Por qué los norteamericanos muestran más aptitud y gusto para las ideas generales que sus padres los ingleses

Dios no se ocupa, en general, de la especie humana. Él ve de una sola mirada y separadamente a todos los seres de que se compone la humanidad, y descubre en cada uno de ellos las semejanzas que lo unen a los demás y las diferencias que lo aíslan.

Dios no tiene, pues, necesidad de ideas generales; es decir, que no necesita unir bajo la misma forma un gran número de objetos análogos para pensar con facilidad.

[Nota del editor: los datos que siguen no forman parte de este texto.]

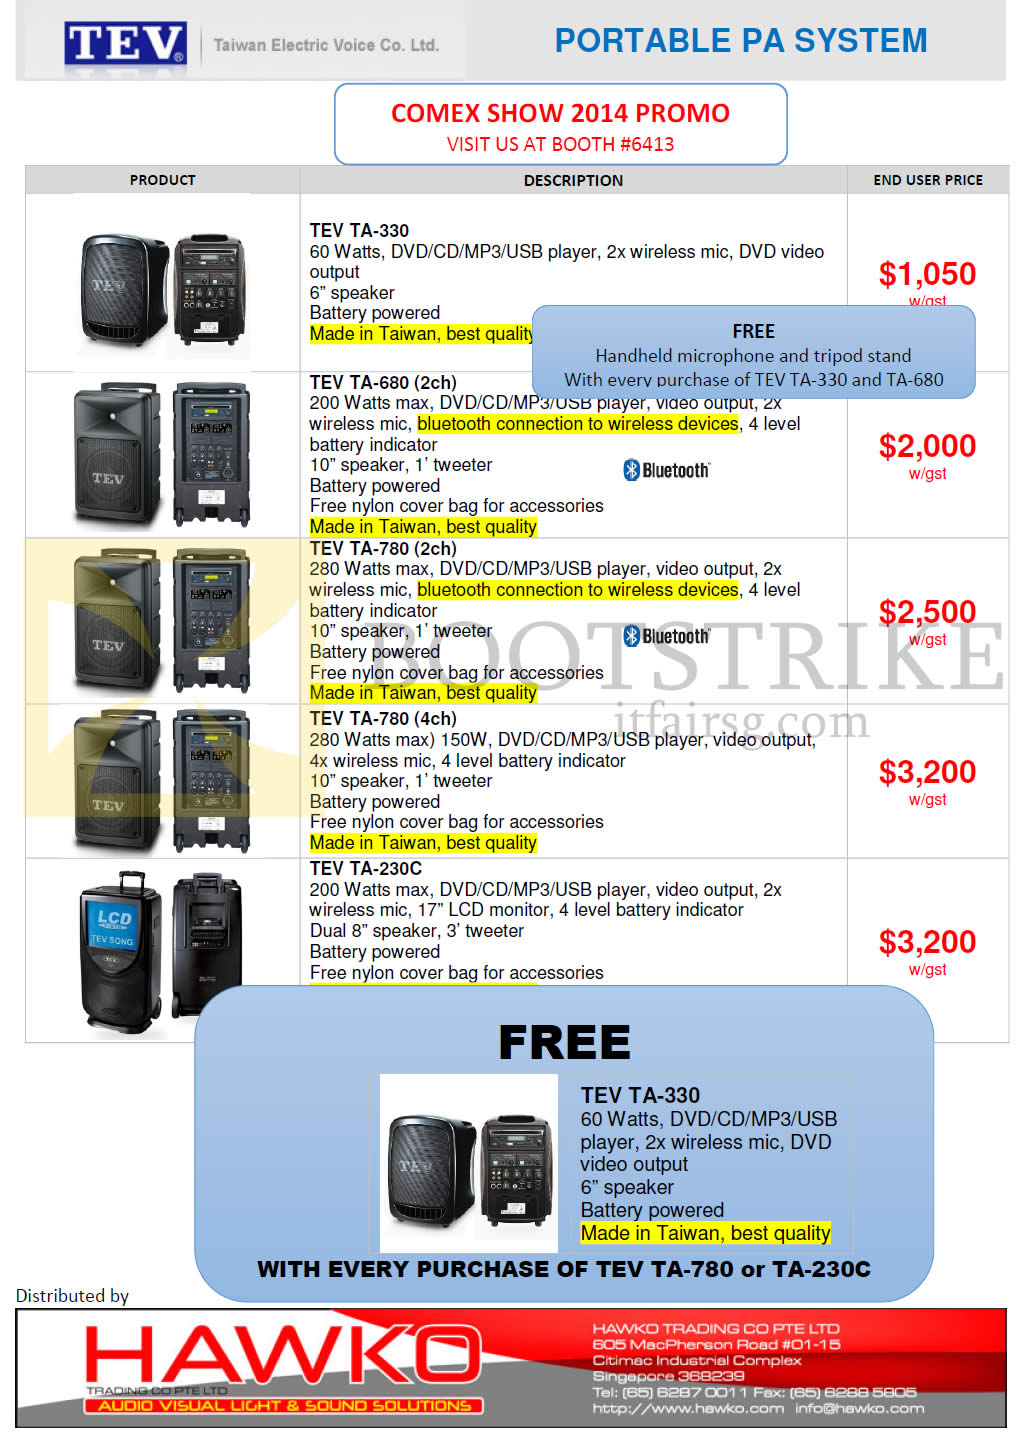 COMEX 2014 price list image brochure of Hawko Portable PA System TEV TA-330, TA-680, TA-780, TA-230C
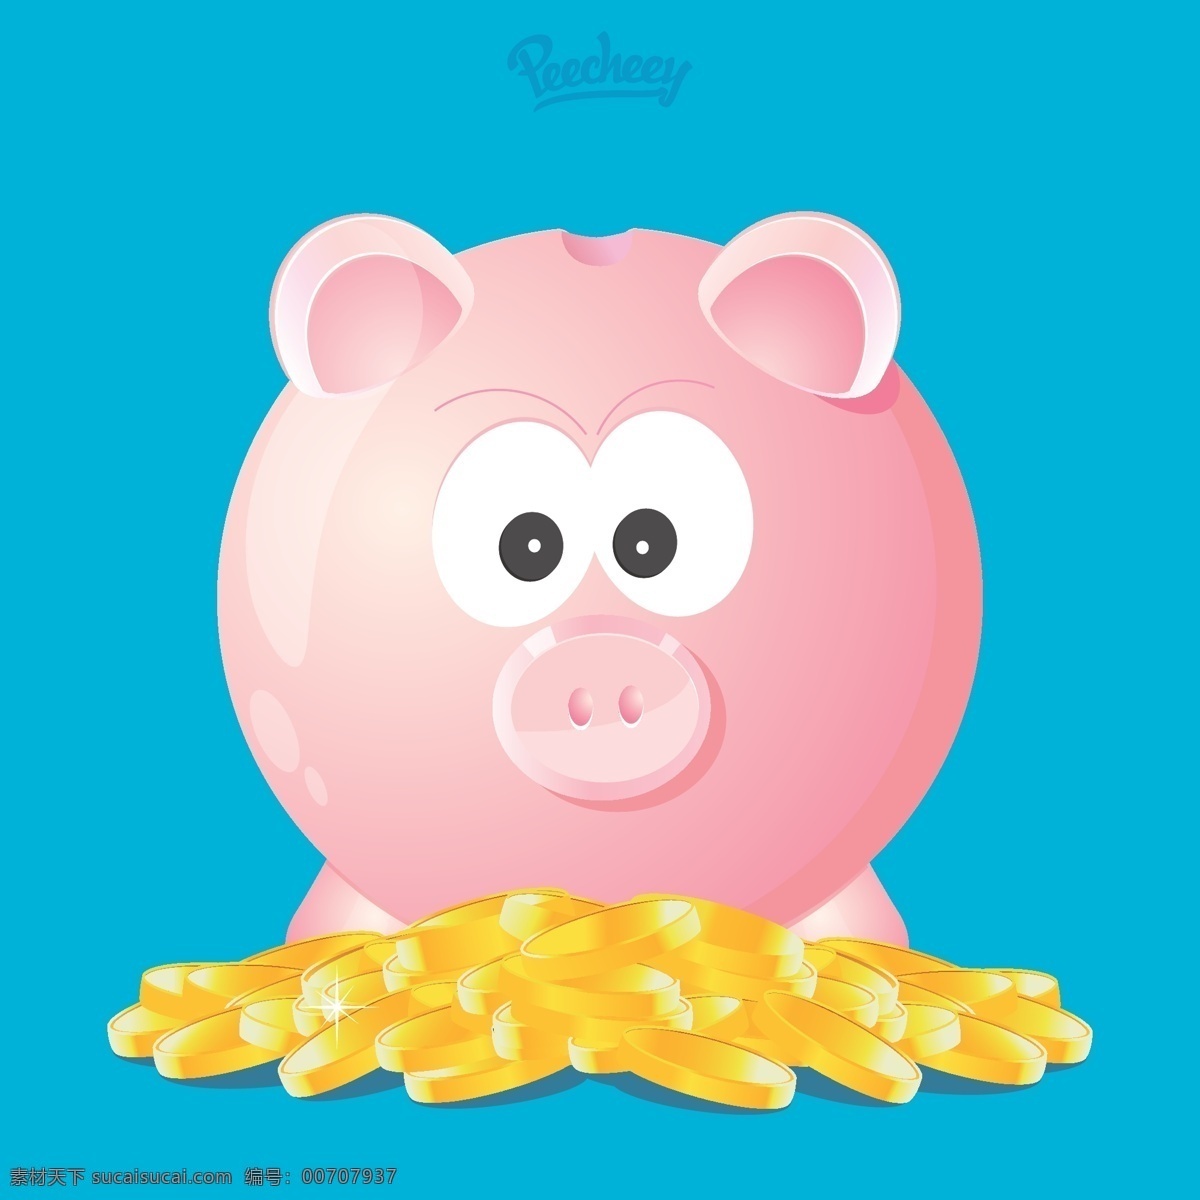 带 金币 粉红色 小 猪 储蓄罐 高清 图 青色 天蓝色

No sucede así al hombre. Si el entendimiento humano emprendiese la tarea de examinar y juzgar individualmente todos los casos particulares que llaman su atención, se perdería al momento entre la inmensidad de detalles y no vería nada. En tal situación ha tenido que recurrir a un método imperfecto, pero necesario, que prueba su debilidad y que lo ayuda.

Después de haber considerado superficialmente un número de objetos y observado su semejanza, les da a todos un mismo nombre, los separa y prosigue su ruta. Las ideas generales no demuestran, pues, la fuerza de la inteligencia humana, sino más bien su incapacidad, porque no existen seres exactamente iguales en la naturaleza, hechos idénticos, ni reglas aplicables indistintamente y del mismo modo a muchos objetos a la vez.

Lo que tienen de admirable las ideas generales, es que permiten al intelecto humano juzgar rápidamente sobre un gran número de objetos a la vez; pero, por otro lado, no le suministran sino nociones incompletas, haciéndole perder siempre en exactitud lo que le proporcionan en extensión.

A medida que las sociedades envejecen, adquieren el conocimiento de hechos nuevos, y casi sin sentirlo se apropian diariamente de algunas verdades particulares.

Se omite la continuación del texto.